== SUPPLIED MATERIAL ==
Segment Open
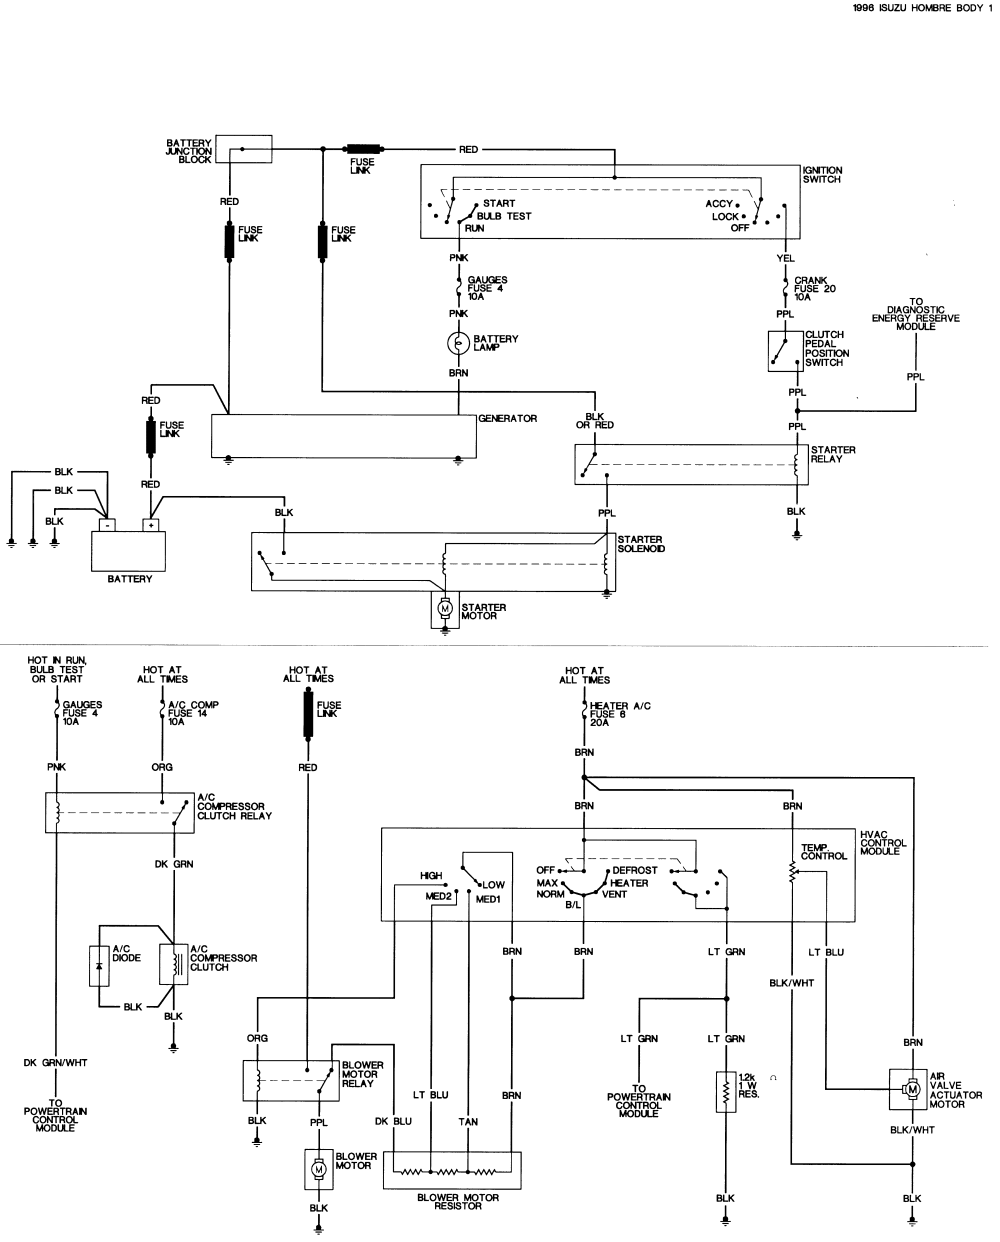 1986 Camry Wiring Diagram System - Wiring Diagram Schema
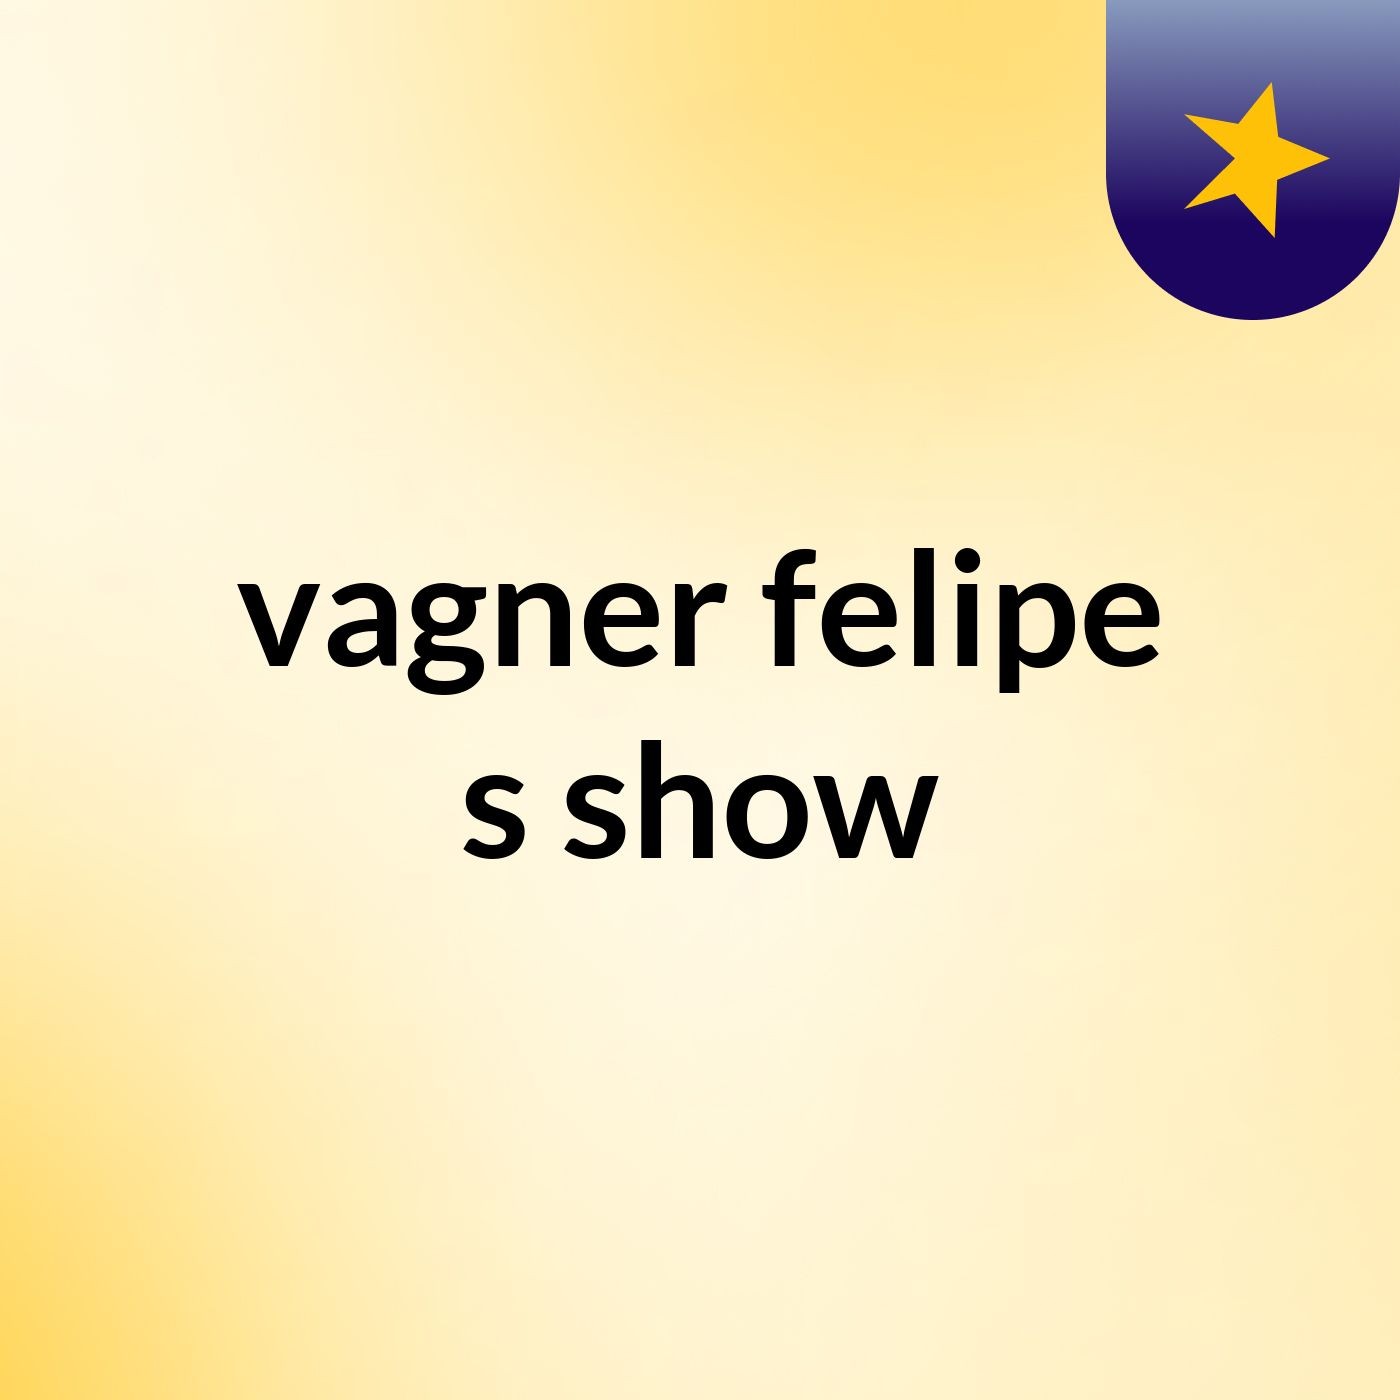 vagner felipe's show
Segment Closed
Segment Open
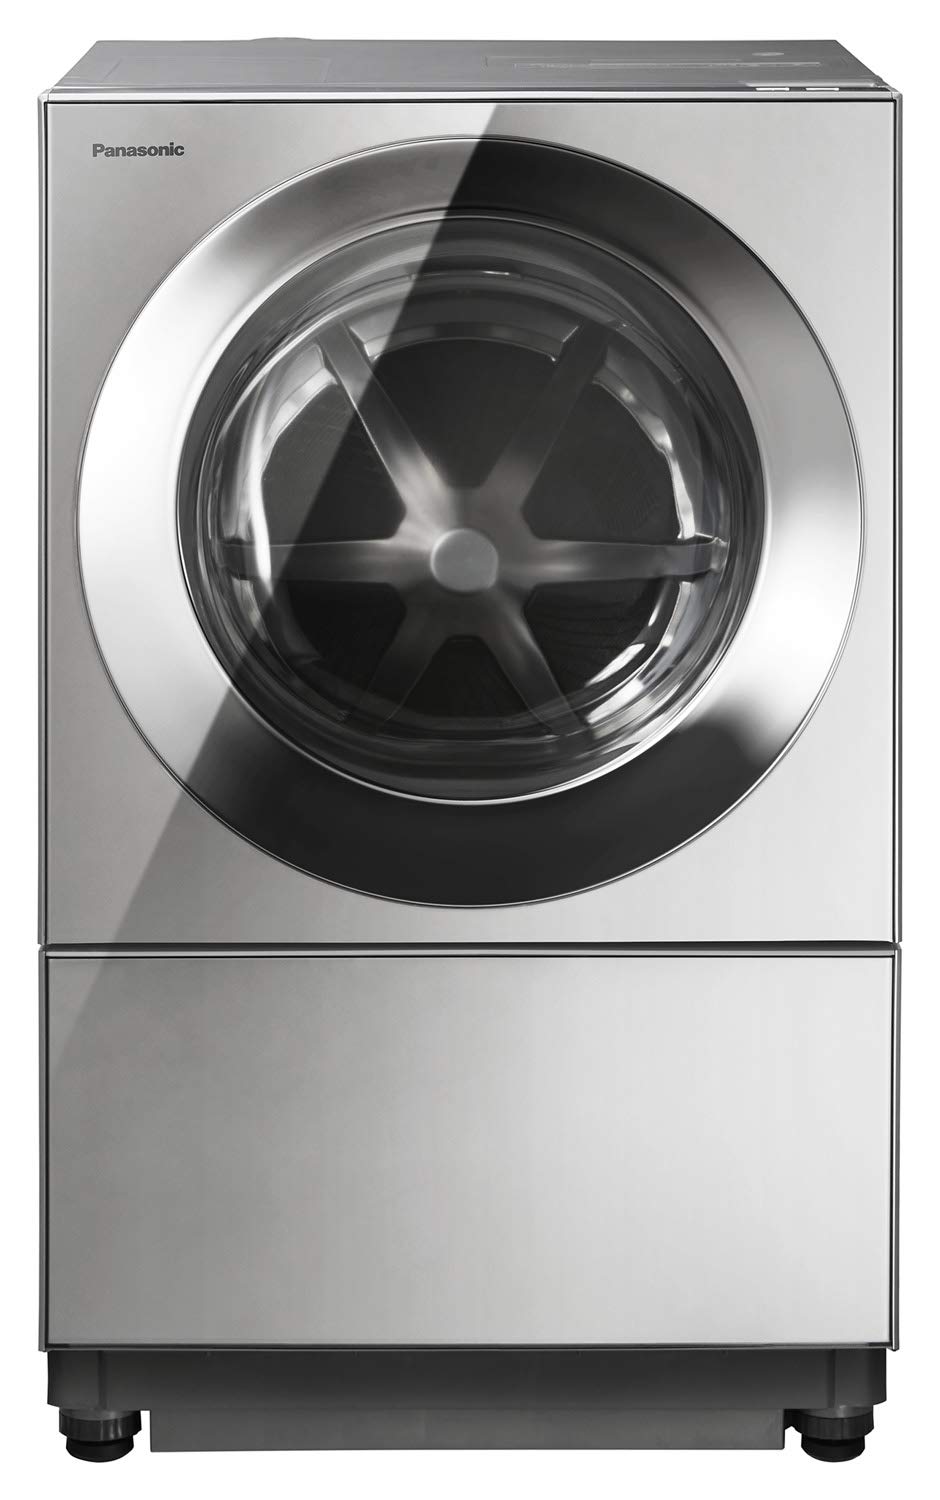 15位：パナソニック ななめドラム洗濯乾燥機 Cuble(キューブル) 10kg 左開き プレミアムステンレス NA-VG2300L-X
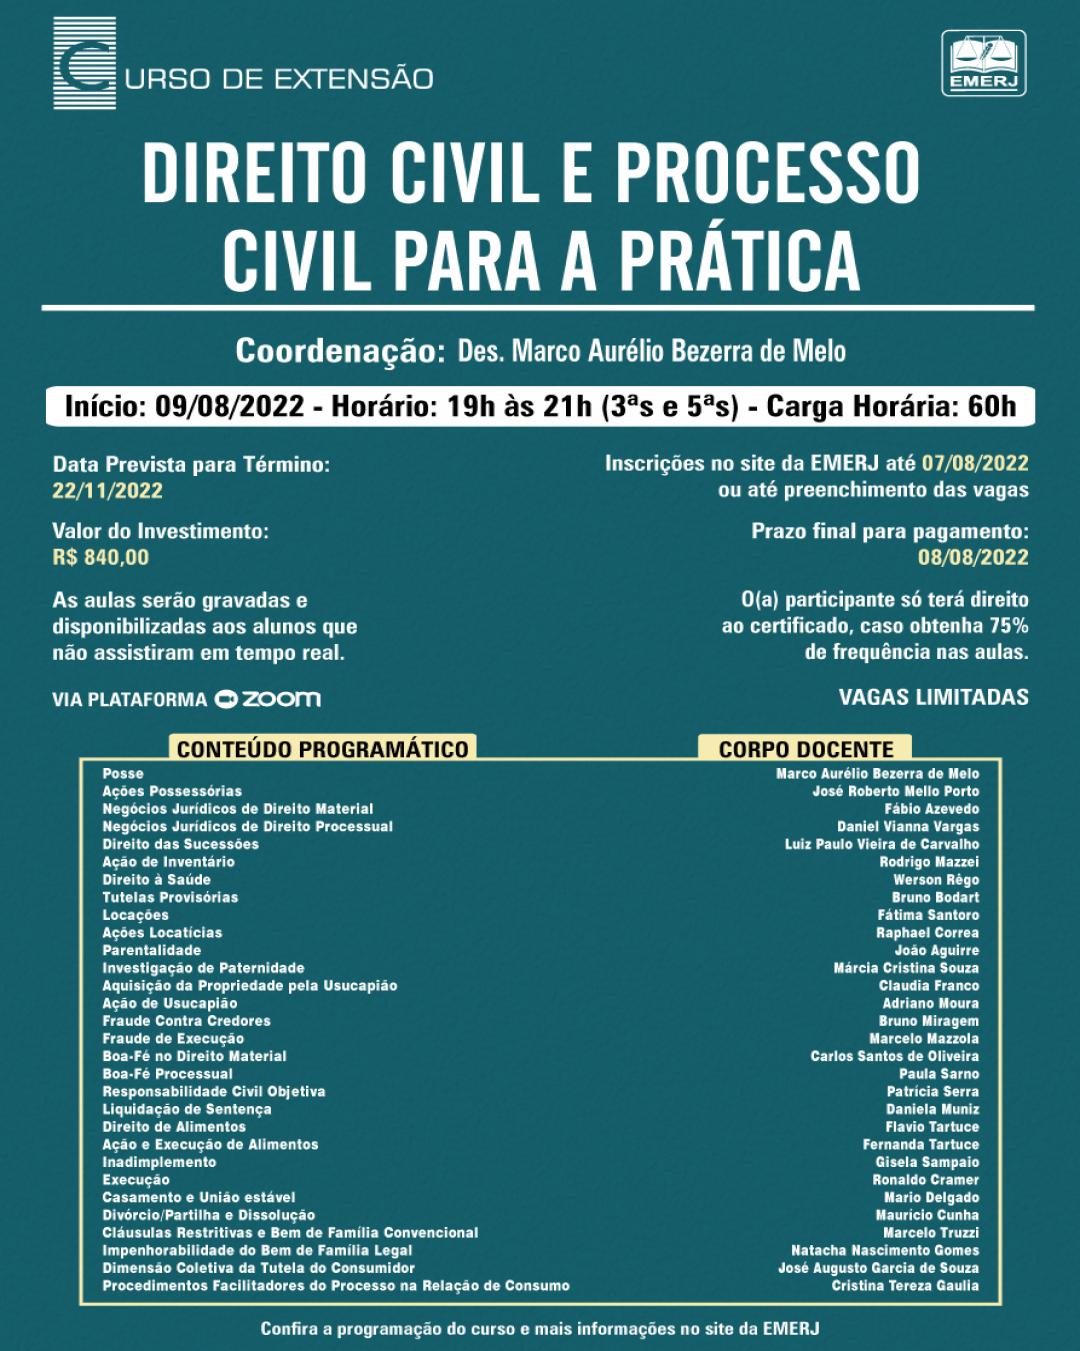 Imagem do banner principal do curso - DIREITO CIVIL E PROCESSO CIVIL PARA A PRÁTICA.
Segment Closed
Your answer should be the lines above, word for word, from the line with "15位：パナソニック ななめドラム洗濯乾燥機 Cuble(キューブル)" through the line with "Imagem do banner", minus the pictures.

== EXERCISE RESPONSE ==
 15位：パナソニック ななめドラム洗濯乾燥機 Cuble(キューブル) 10kg 左開き プレミアムステンレス NA-VG2300L-X
 Imagem do banner principal do curso - DIREITO CIVIL E PROCESSO CIVIL PARA A PRÁTICA.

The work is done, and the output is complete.